En Somalie, soirée « historique » avec la première séance de cinéma en trente ans
Si Mogadiscio possédait de nombreuses salles à son âge d’or, toutes leurs portes se sont refermées avec l’éclatement de la guerre civile en 1991. Des spectateurs attendent la première projection de films somaliens au Théâtre national de Mogadiscio depuis trente ans.
Les habitants de Mogadiscio ont renoué mercredi soir 22 septembre avec le monde du cinéma grâce à la première projection de films depuis trente ans, un événement culturel organisé sous haute sécurité dans la très instable capitale somalienne. L’histoire du théâtre national de Somalie, offert par le dirigeant chinois Mao Zedong en 1967, témoigne des décennies tumultueuses traversées par ce pays de la Corne de l’Afrique.
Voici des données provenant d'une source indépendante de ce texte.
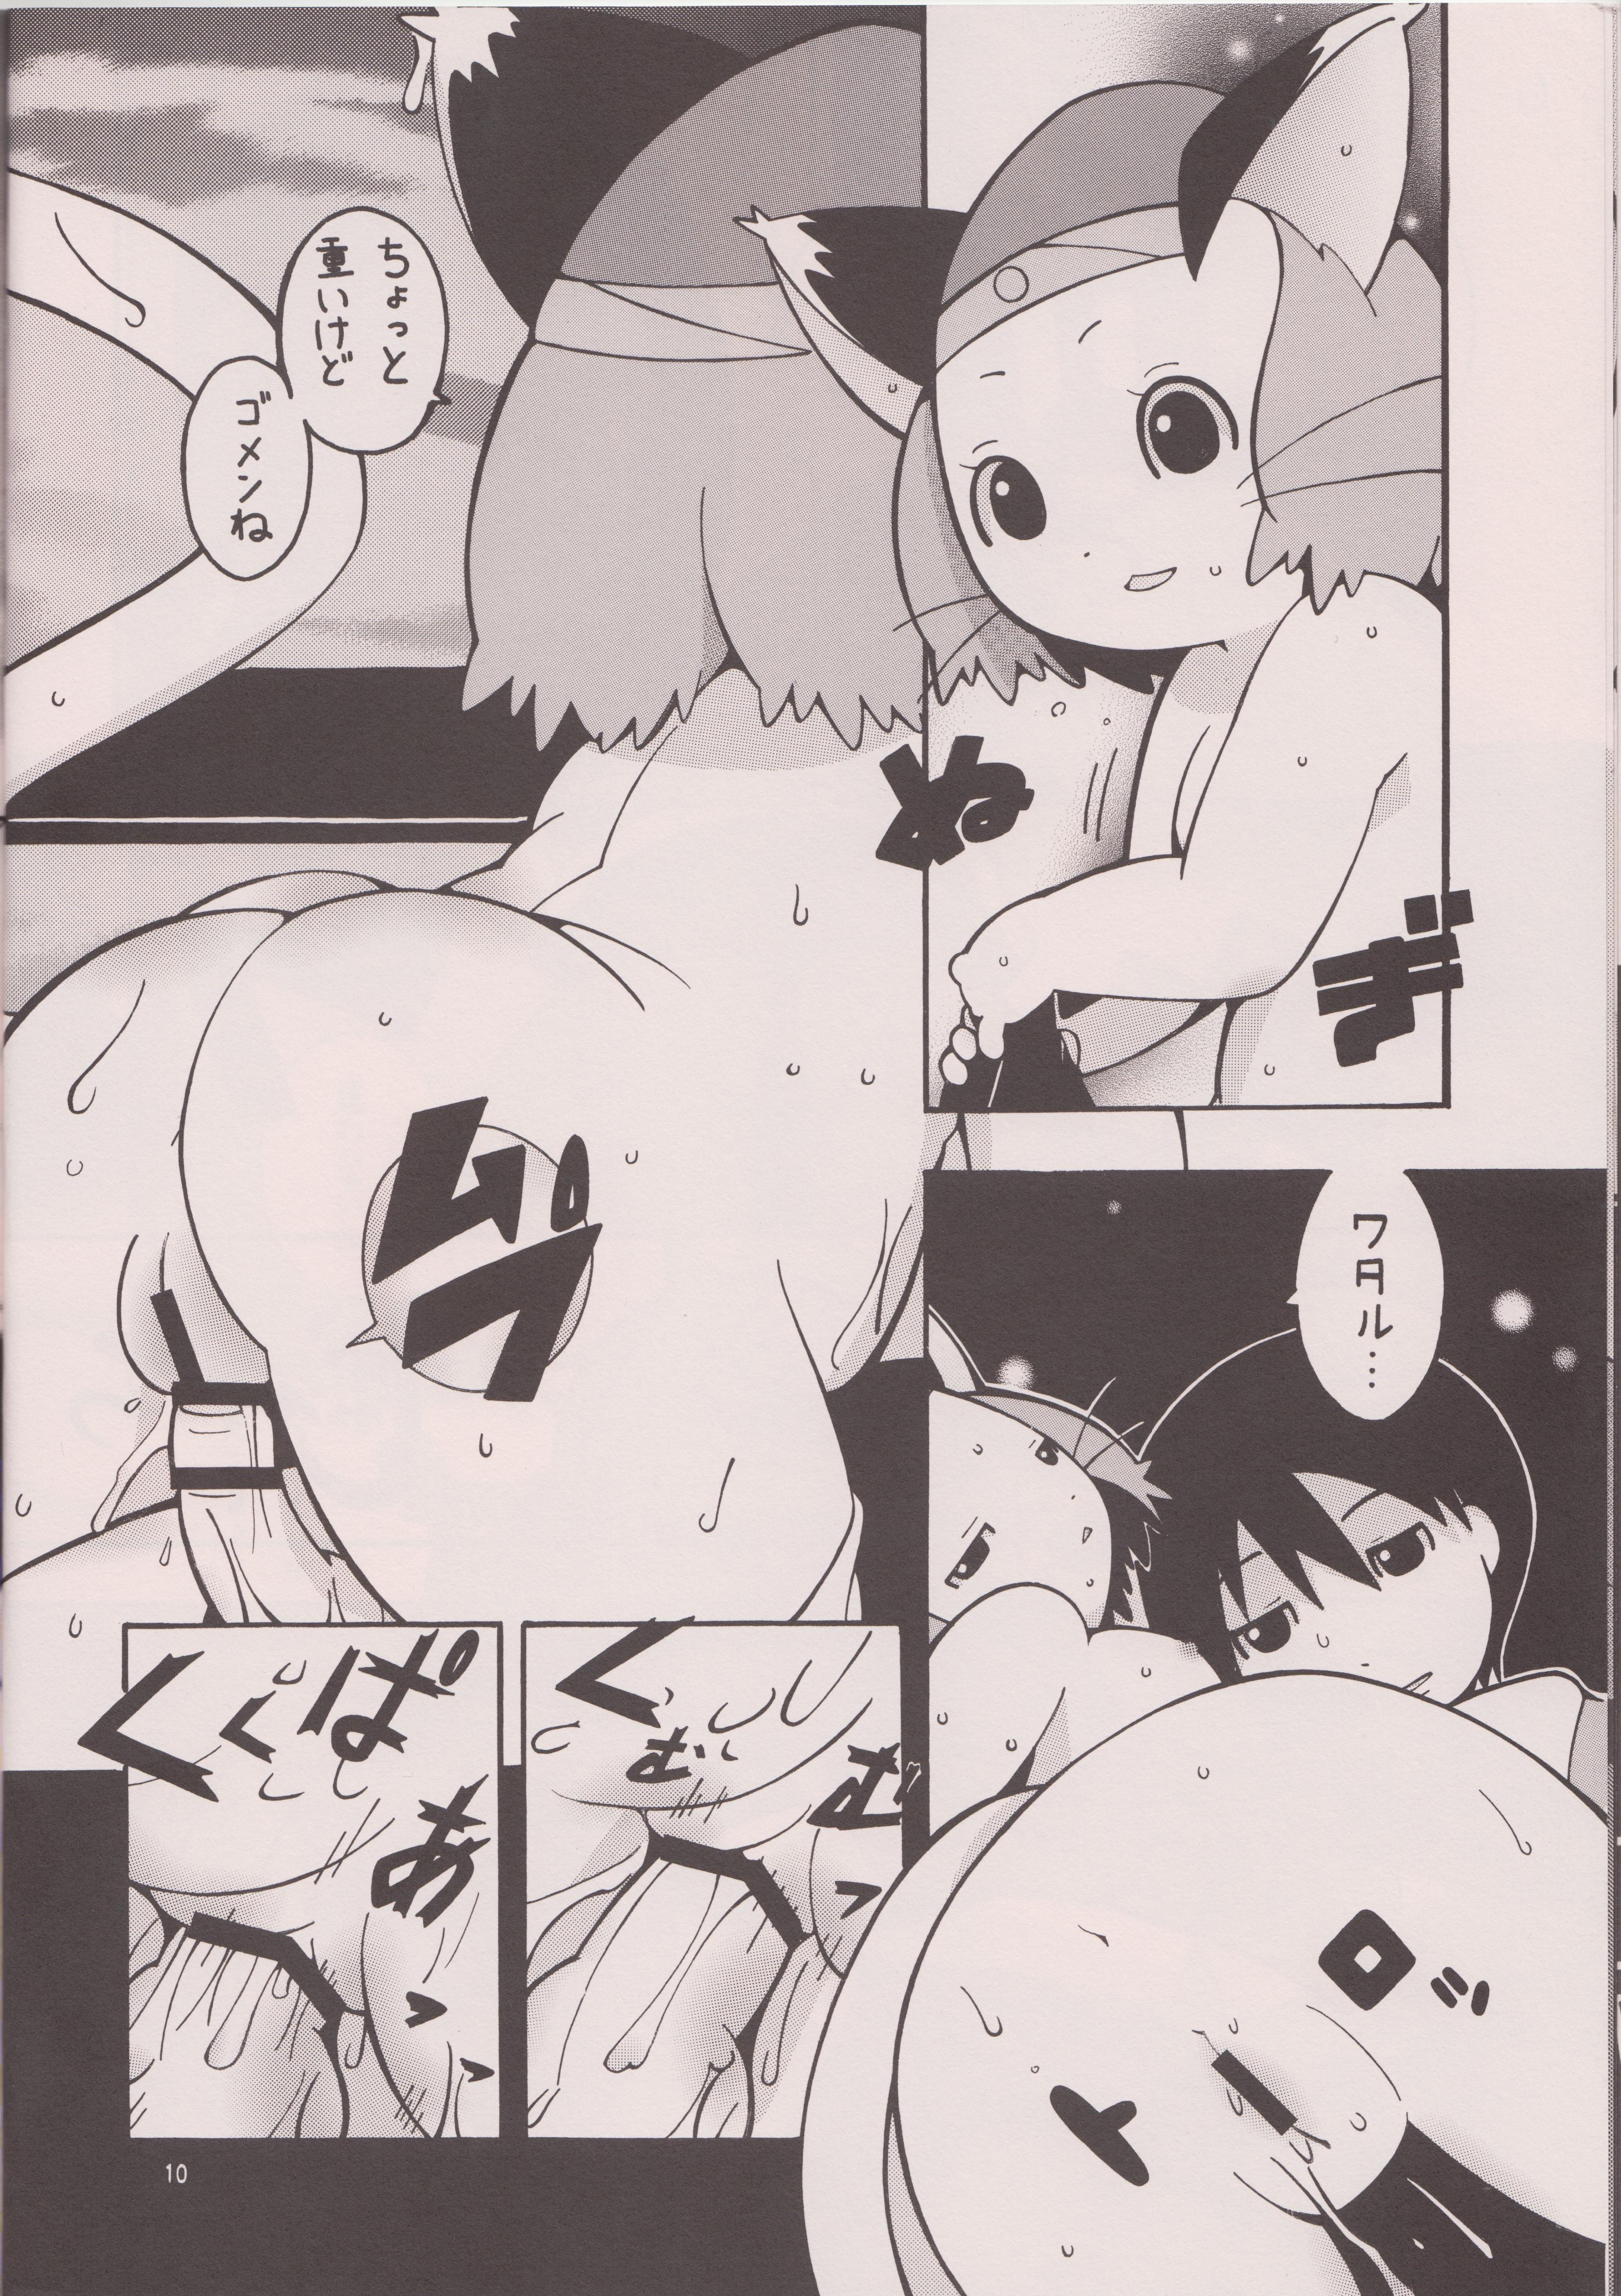 Wet Pussy Mochimochi. Mochimochimochi. - Brave story Bare - Page 9

Le lieu, qui accueillait la projection à l’occasion de sa réouverture, a par le passé connu des attentats-suicide et servi de base à des chefs de guerre. « Cela va être une nuit historique pour les Somaliens », avait affirmé plus tôt son directeur Abdikadir Abdi Yusuf, soulignant que son établissement se veut désormais un lieu d’expression pour les artistes locaux.
Mercredi soir, des films somaliens y ont été pour la première fois projetés : deux courts-métrages du réalisateur Ibrahim CM, Hoos et Date from Hell. Le ticket d’entrée était d’environ 8,50 euros – un prix élevé pour beaucoup d’habitants de Mogadiscio.
Les participants ont dû passer plusieurs contrôles de sécurité avant d’atteindre le théâtre, situé dans une zone hautement sécurisée de la ville, où se trouvent notamment le palais présidentiel et le Parlement. Selon des sources contactées par l’AFP, la séance s’est tenue sans incidents de sécurité.
Si la capitale possédait de nombreux cinémas à son âge d’or, toutes leurs portes se sont refermées avec l’éclatement de la guerre civile en 1991. Tombé en désuétude, le Théâtre national a rouvert en 2012, mais il fut détruit deux semaines plus tard par les Chabab, milice islamiste liée à Al-Qaida qui mène régulièrement des attaques dans la capitale.
Après une restauration minutieuse, sa réouverture rappelle à beaucoup des jours plus heureux. « Au bon vieux temps, j’avais l’habitude de venir voir des concerts, des pièces dramatiques, des spectacles pop, des danses folkloriques et des films au théâtre national. Cela me rend triste quand je vois Mogadiscio sans la vie nocturne qu’il y avait avant », a affirmé dans la journée Osman Yusuf Osman, un mordu de cinéma. « Mais c’est un bon début (…). Je ne manquerai pas cet événement historique ce soir », a-t-il précisé à l’AFP.
A l’inverse, d’autres étaient plus circonspects, voire inquiets quant à la sécurité du site. C’est le cas de Hakimo Mohamed, mère de six enfants, qui fréquentait l’endroit quand elle était enfant. « Les gens sortaient la nuit et restaient jusqu’à tard s’ils le souhaitaient. Mais désormais, je ne crois pas que cela soit très sûr », a-t-elle estimé. Les Chabab ont été évincés de Mogadiscio il y a dix ans, mais ils contrôlent toujours de vastes zones rurales.